A brief fight on the rooftops of an apartment block in Beijing in the last act and Lockdown, a Transformer who can change into a gun at will, do keep the films inventiveness just above the banal. The standard Bay-isms are back in abundance nevertheless and he can’t resist a good slow-mo pan with the sun setting and an American flag never too far away. The plot holes are back as well, including one that throws the entire film into disrepute with the very last sequel-baiting shot.

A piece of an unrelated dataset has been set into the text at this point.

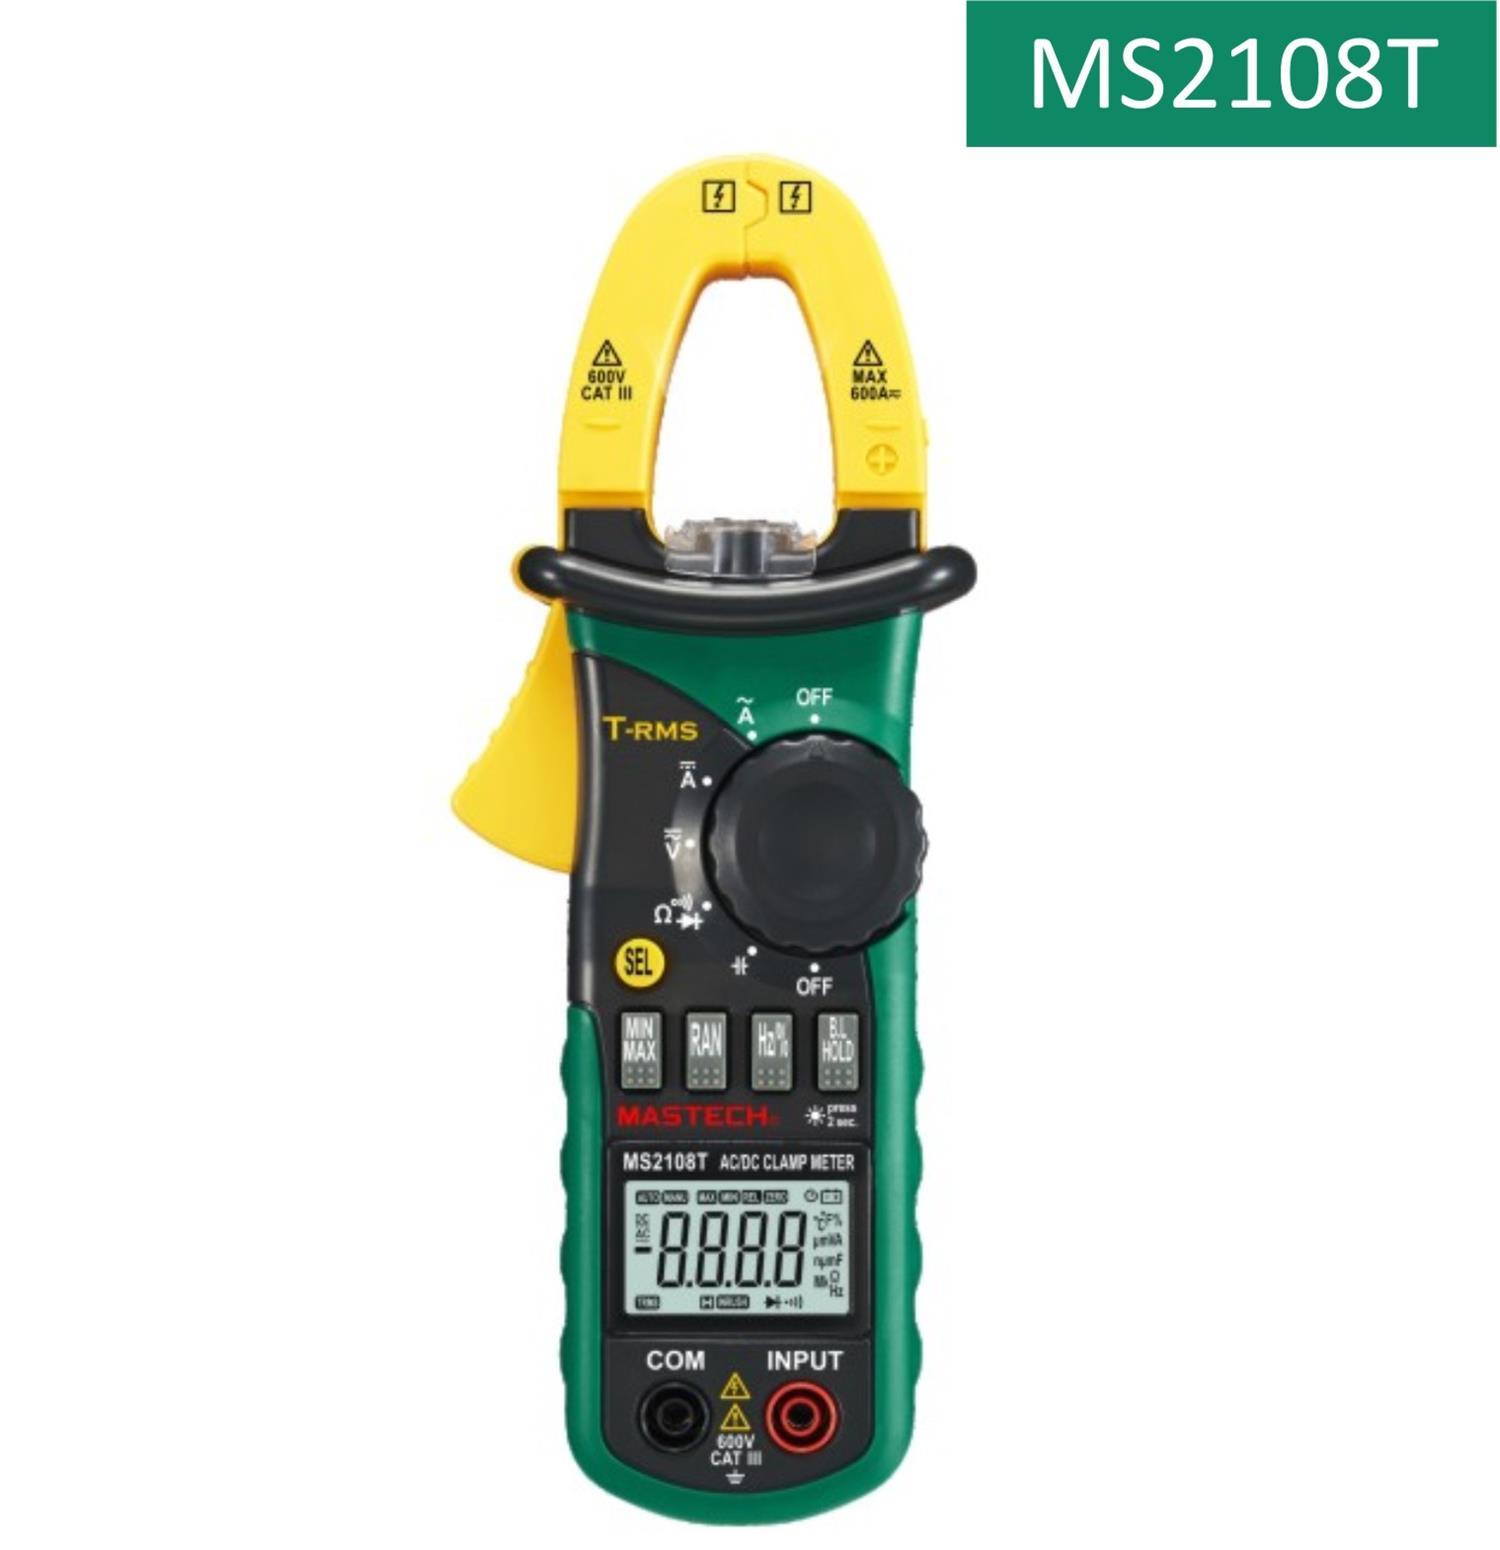 MS 2108T

Bay also delivers his usual needless first-hour build up and character development, oblivious that the audience doesn’t care about back-story in this instance, or LaBeouf’s ridiculous romances in the first trilogy; they just want metal on metal action. At least there is some relevance this time though, unlike its predecessors, although it does take a full 80 minutes to get going and an incredible 2 hours and 15 minutes before the Transformer-ancestor of this particular entry, the Dinobots, make an appearance. Females in a Bay film notoriously do not always come across well, but Nicola Peltz who plays Wahlberg’s daughter, Tessa, does very well to keep up. She doesn’t just pout and strut around like her counterparts Megan Fox or Rosie Huntington-Whiteley before her.
The running theme throughout the movie seems to be whether we still need the Transformers. Tucci’s character even says; “We don’t need you anymore” with Grammer’s also adding at another point; “The age of Transformers is over”. Never have truer words been spoken, unfortunately Bay seems to be unable to heed his own advice. Roll on number five.